What does info report the label to be?
udevil info /dev/sdg
That will show what udevil sees as the volume label (which it gets from a udev database property). It will use it if it's a valid UTF-8 string, doesn't begin with a space, and doesn't contain a '/'. I'll see if I can duplicate your result too.
And I'm not sure if the default options for UDF are optimal - ro and noexec should maybe be removed from the default config. ro because UDF file systems don't have to necessarily be read only and noexec because UDF supports POSIX file premissions so I might want to individually choose which files can be executed and which can't.
The ro is included to prevent mount warnings, but I'll reconsider that.

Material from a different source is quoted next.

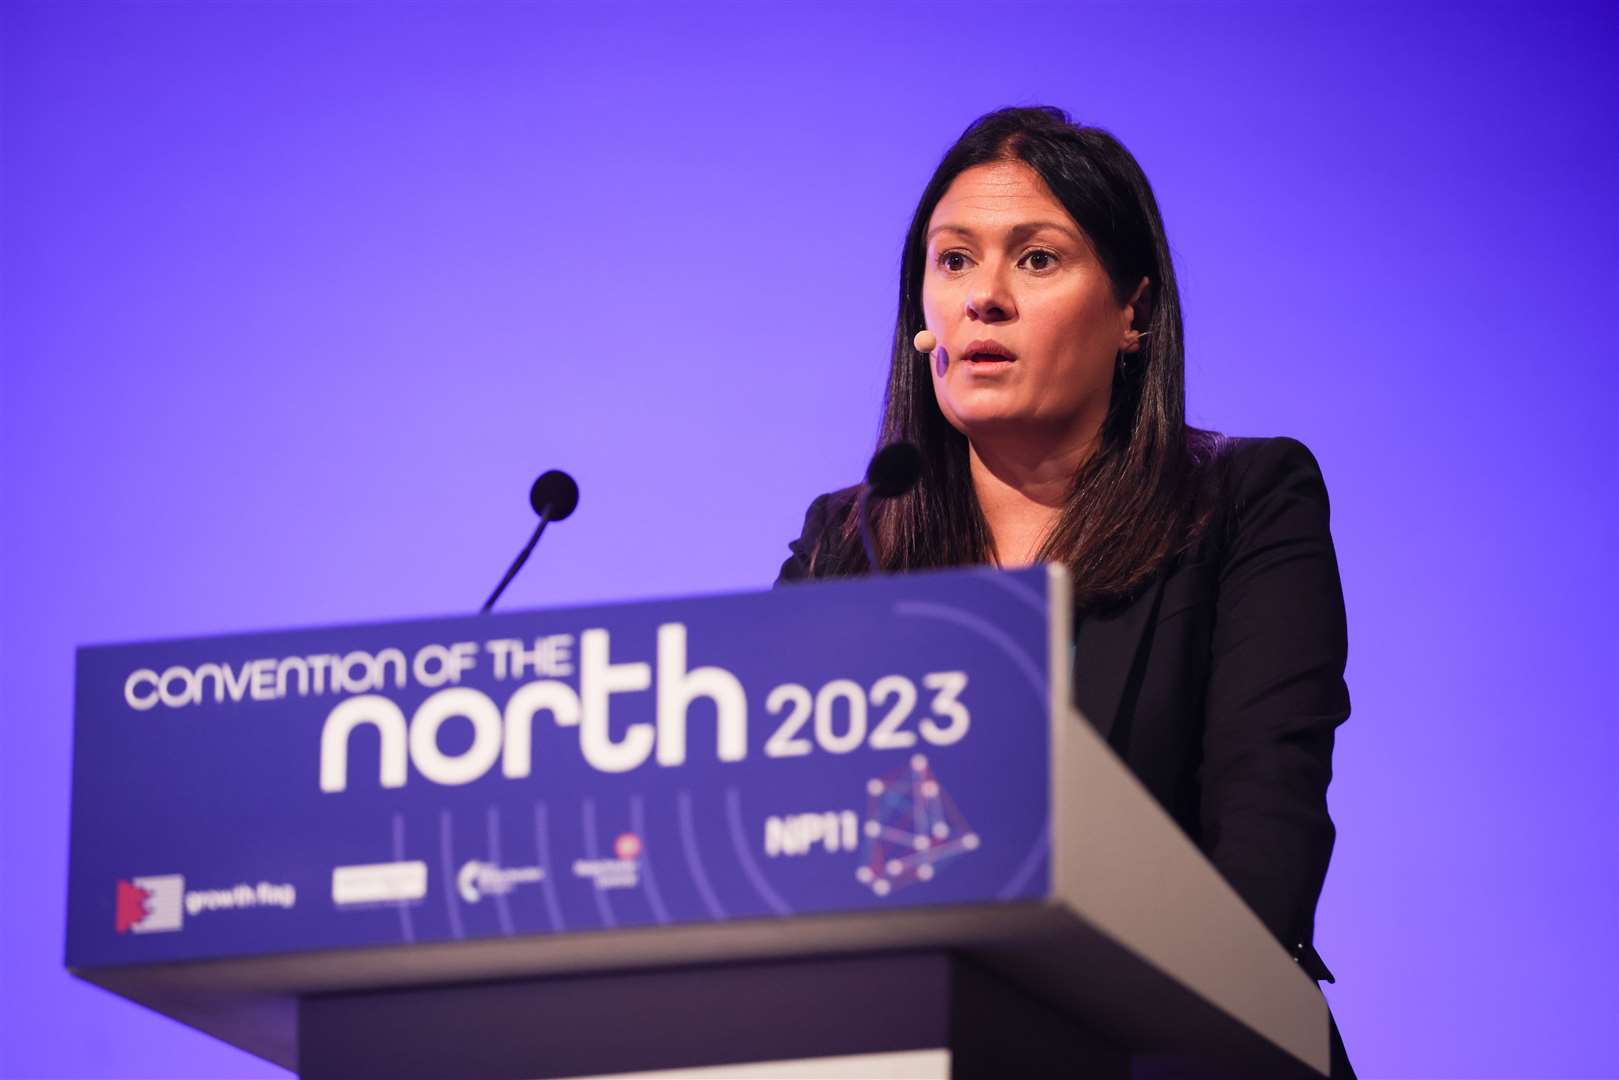 Lisa Nandy, Shadow Secretary of State for Levelling Up, Housing and Communities (James Speakman/AP)
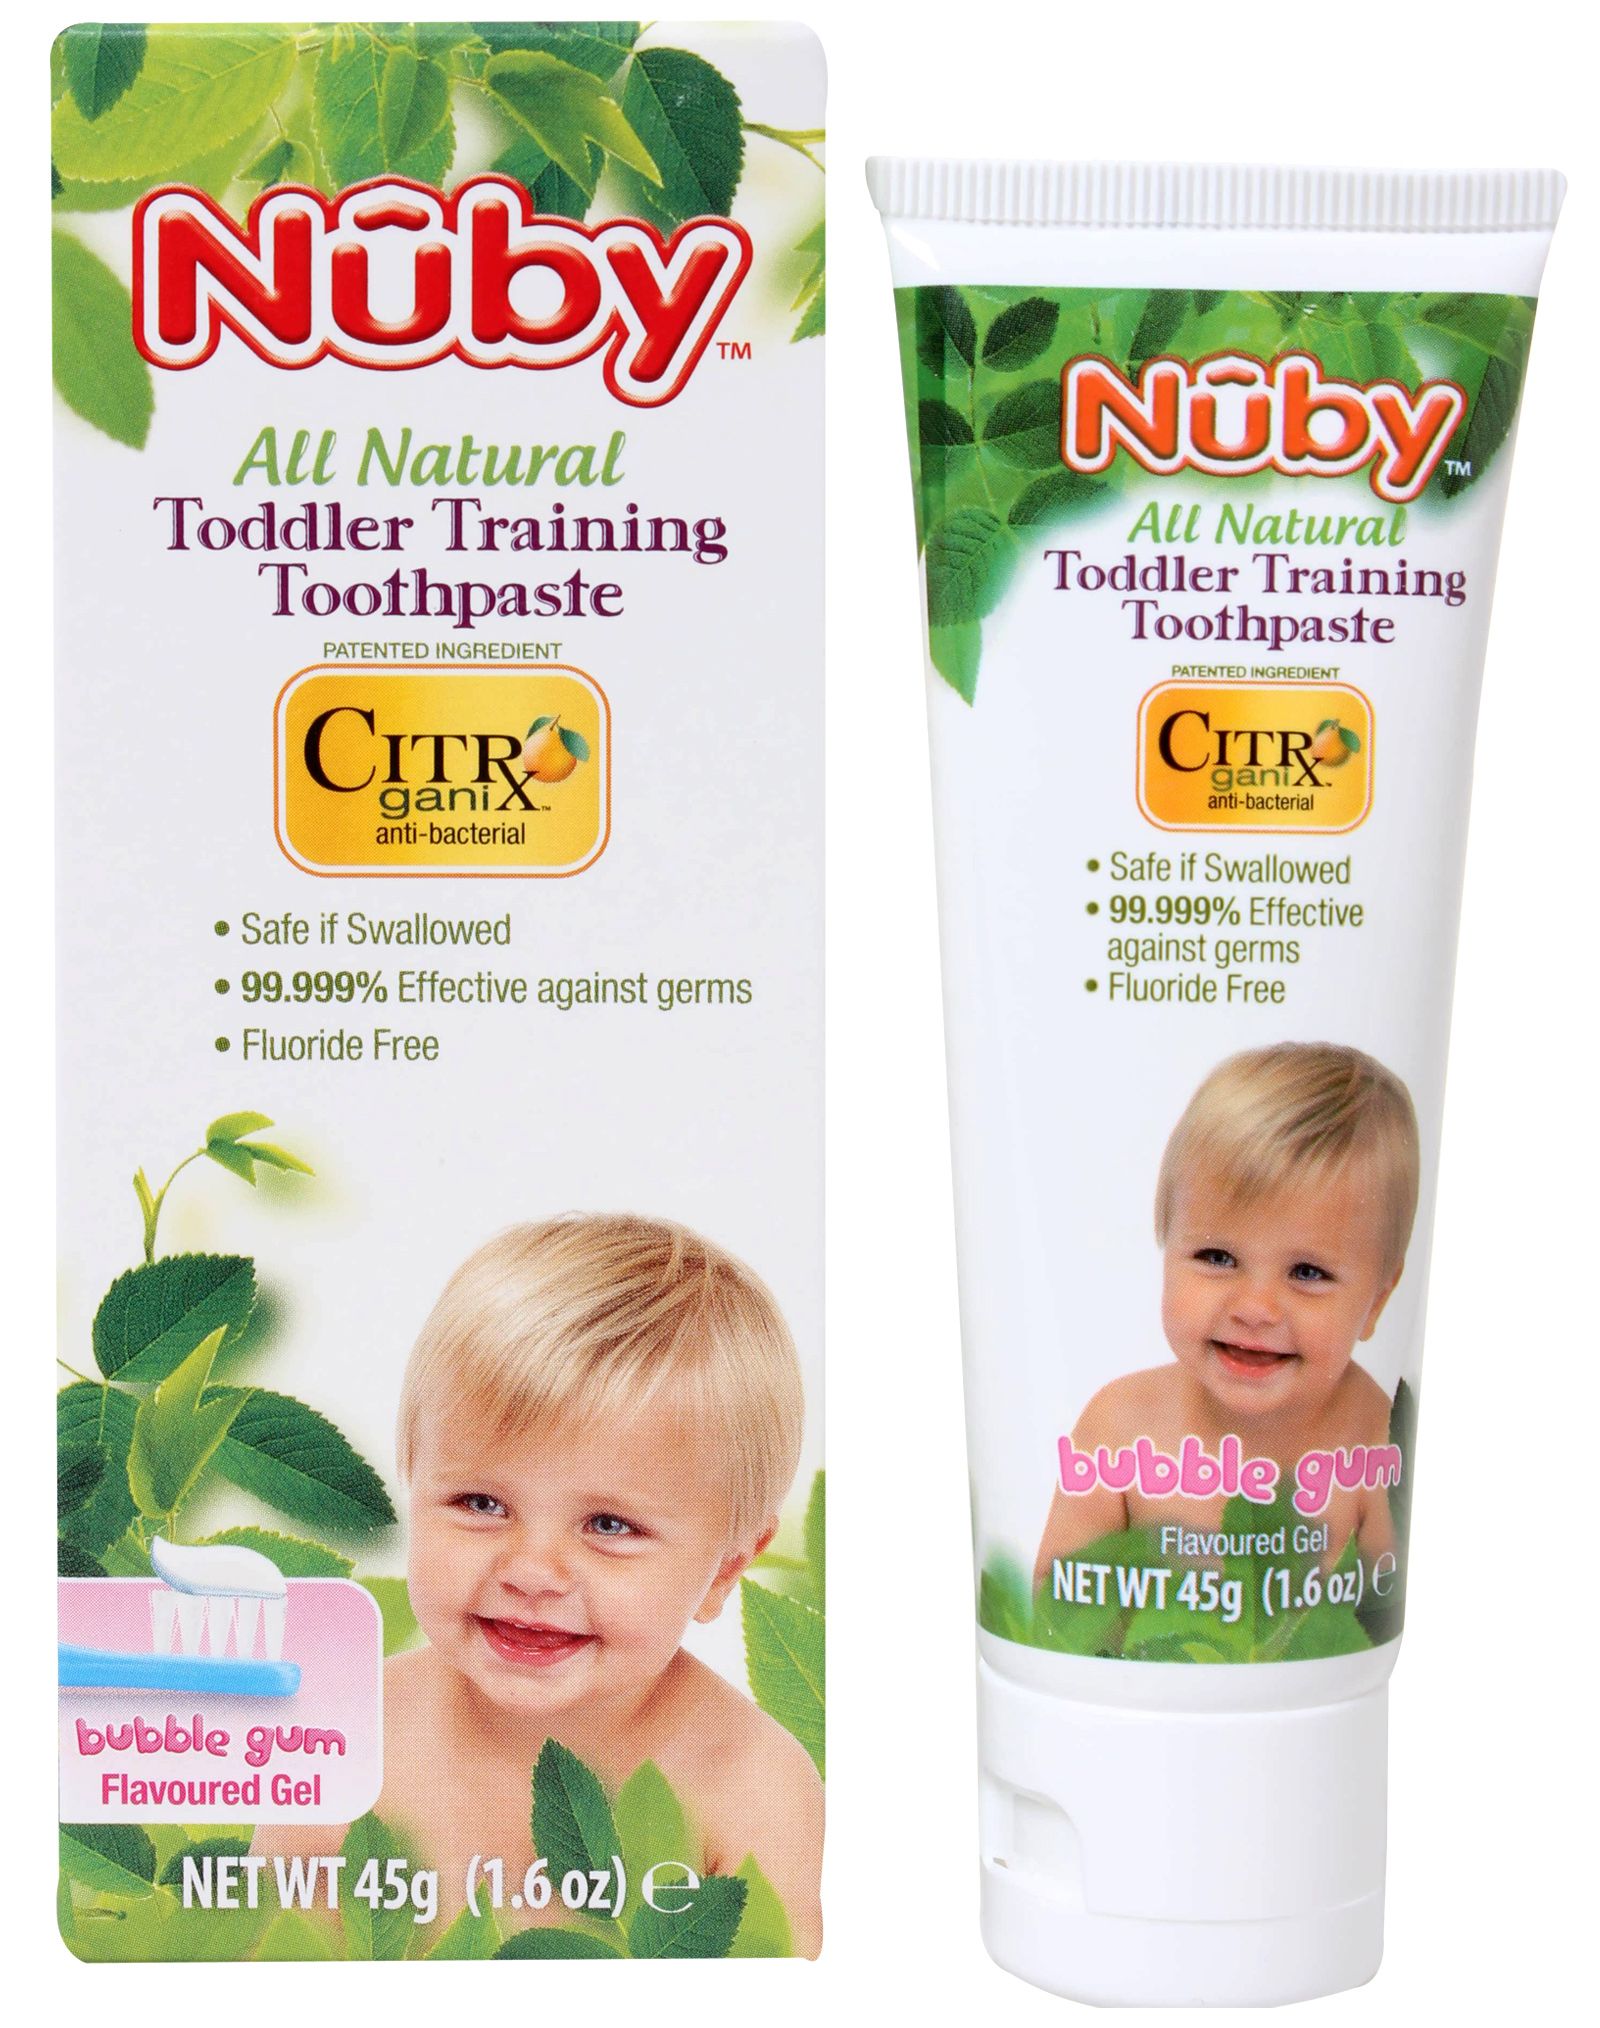 Nuby All Natural Toddler Training Toothpaste

The noexec is to enhance security - by default udevil mounts everything with noexec. It's up to the admin user to change this if desired.
Finally devmon keeps outputting
which: no udisks in (/usr/local/bin:/usr/bin:/bin:/usr/local/sbin:/usr/sbin:/sbin:/opt/android-sdk/platform-tools:/opt/android-sdk/tools:/usr/bin/core_perl) which: no udisksctl in (/usr/local/bin:/usr/bin:/bin:/usr/local/sbin:/usr/sbin:/sbin:/opt/android-sdk/platform-tools:/opt/android-sdk/tools:/usr/bin/core_perl) which: no pmount in (/usr/local/bin:/usr/bin:/bin:/usr/local/sbin:/usr/sbin:/sbin:/opt/android-sdk/platform-tools:/opt/android-sdk/tools:/usr/bin/core_perl)
- is that normal? I don't need udisks, udisks2 or pmount and I've enabled kernel polling so devmon should't need them either. Thanks.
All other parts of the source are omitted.